If anyone actually had to time to read that, I hope it was helpful.


----------



## Prufrock (Oct 31, 2008)

If anyone wants to read Goodwin himself discuss the reason for his views, and as I recall, briefly discuss others, such as Calvin's, read his sermon on Eph. 1:13. I've found this to be in volume 1 of his works no matter what edition or publisher.

Also, I would highly recommend reading Owen on the subject, who devotes a small chapter to it in his work on the Holy Spirit. If you have the Banner of Truth edition, or any based on Goold's edition, see in Volume 4 _A Discourse on the Holy Spirit as a Comforter_, chapter 6.


----------



## Mayflower (Oct 31, 2008)

Prufrock said:


> .
> 
> Also, I would highly recommend reading Owen on the subject, who devotes a small chapter to it in his work on the Holy Spirit. If you have the Banner of Truth edition, or any based on Goold's edition, see in Volume 4 _A Discourse on the Holy Spirit as a Comforter_, chapter 6.



Thanks Paul. Can you shared what the view of Owen was ?


----------



## Prufrock (Oct 31, 2008)

Ralph, here is a quick summary of Owen's view:

-It is not an act of the Spirit, but rather he himself directly is said to be our seal.
-He rejects the common method of drawing parallels with the use of seals and sealing among men, claiming that there are such multitudes of uses and meanings that we can draw no sure or certain parallel.
-The method, then, which we ought to use is to consider how Christ was sealed with the spirit (John 6:27) as our head and source of this sealing (1 Co. 1:21,22).
-From the context of John 6, we see that the sealing has to do with:

1. Authority and ability to act from God.
2. God's singling him out, and owning him to be his.
3. Further, demonstrating (2.) to the world.

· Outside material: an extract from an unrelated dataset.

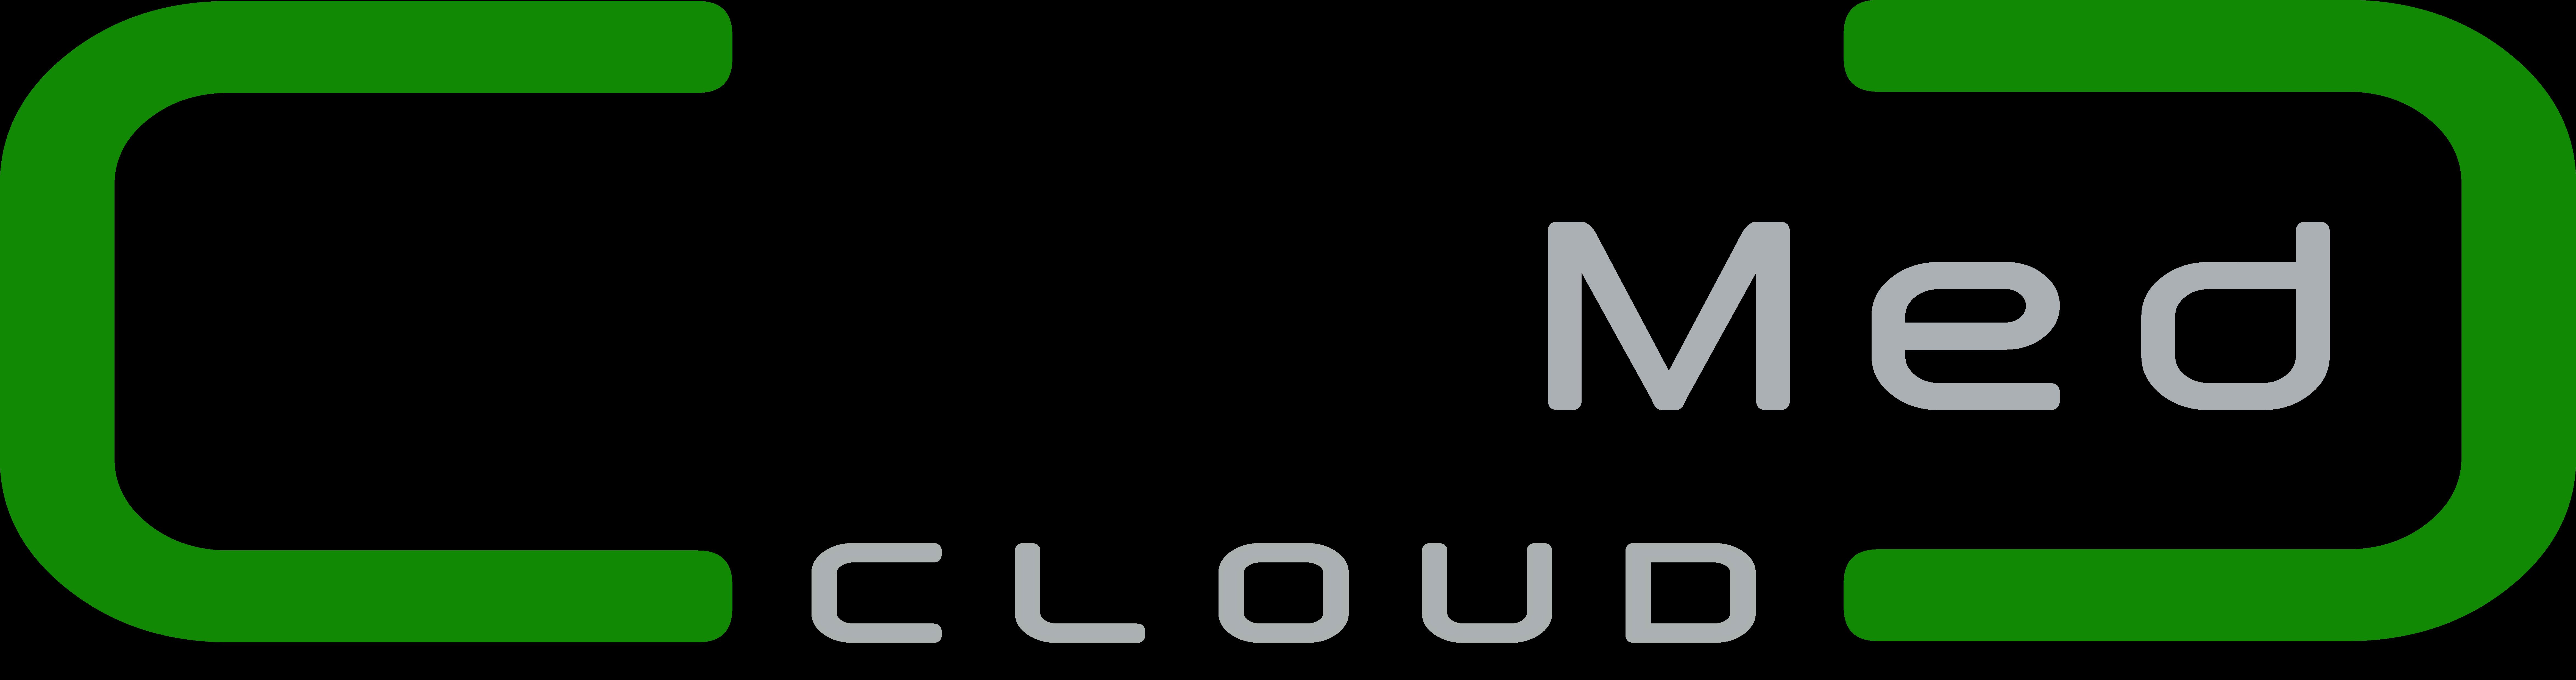 Cybermed cloud logo

Therefore, this sealing of Christ


> "is the communication of the Holy Spirit in all fullness unto him, authorizing him unto, and acting his divine power in, all the acts and duties of his office, so as to evidence the presence of God with him, and his approbation of him, as the only person that was to distribute the spiritual food of their souls unto men: for the Holy Spirit, by his powerful operations in him and by him, did evince and manifest that he was called and appointed of God to this work, owned by him and accepted with him; which was God’s sealing of him."



And therefore,


> "God’s sealing of believers with the Holy Spirit is his gracious communication of the Holy Ghost unto them, so to act his divine power in them as to enable them unto all the duties of their holy calling; evidencing them to be accepted with him both unto themselves and others, and asserting their preservation unto eternal salvation. The effects of this sealing are gracious operations of the Holy Spirit in and upon believers; but the sealing itself is the communication of the Spirit unto them. They are sealed with the Spirit."



-He continues, This is where our assurance comes from, but not as is normally taught.
-It is not an _act_ of the spirit which is the ground of our assurance, but the communication of the spirit _itself_ is the ground, though he does not deny that there may be some subsequent act of the spirit to assure our hearts more.
-Further:


> "Hereby God evidenceth them unto the world; which is another end of sealing. He marks them so hereby for his own as that the world cannot but in general take notice of them; for where God sets this seal in the communication of his Spirit, it will so operate and produce such effects as shall fall under the observation of the world. As it did in the Lord Christ, so also will it do in believers according unto their measure."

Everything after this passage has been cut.